Assignment
Beneath this line is the data. Output exactly the lines from the line with "Closeup of two" to the line with "Yol xəritəsi Norveç şəhərləri ilə", both ends included, and nothing more.
── Data shown ──
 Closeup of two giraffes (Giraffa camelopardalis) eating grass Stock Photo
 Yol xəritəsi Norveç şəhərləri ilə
───
── Data shown ──
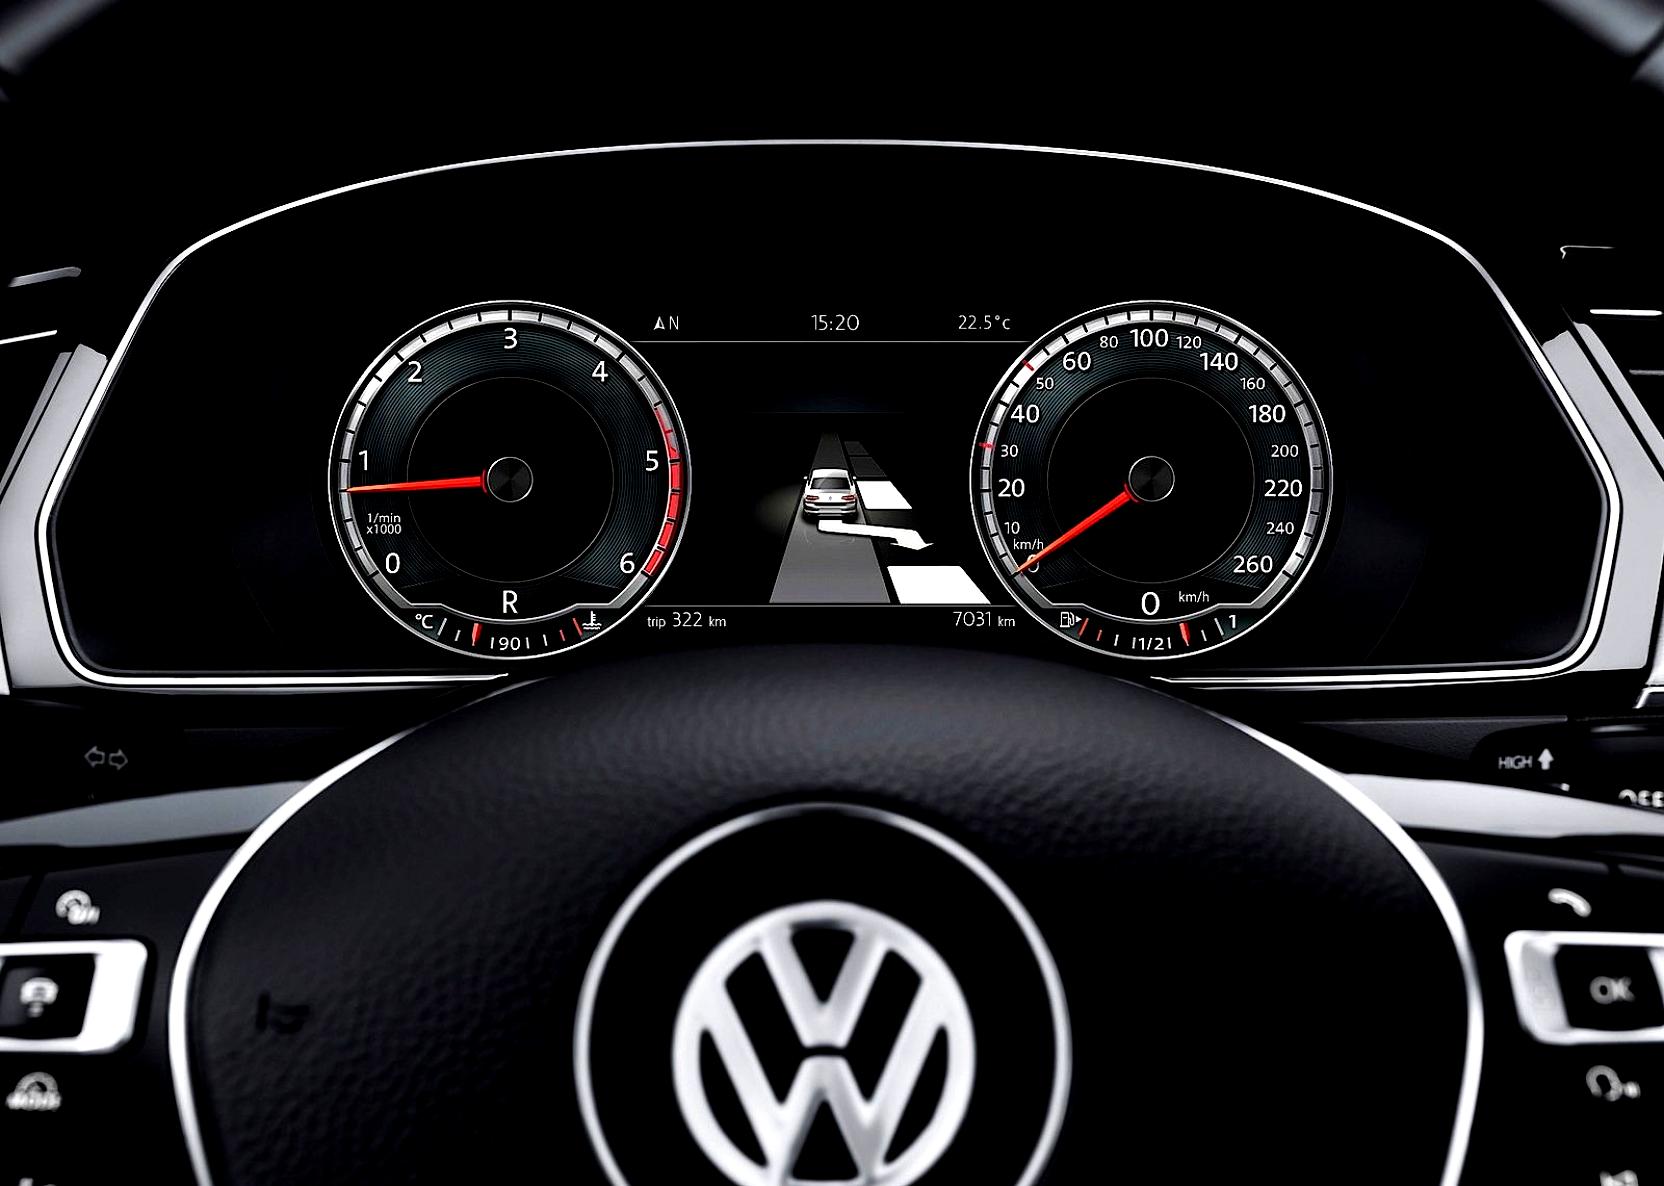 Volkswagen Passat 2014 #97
───
Expected answer
 Closeup of two giraffes (Giraffa camelopardalis) eating grass Stock Photo
 Yol xəritəsi Norveç şəhərləri ilə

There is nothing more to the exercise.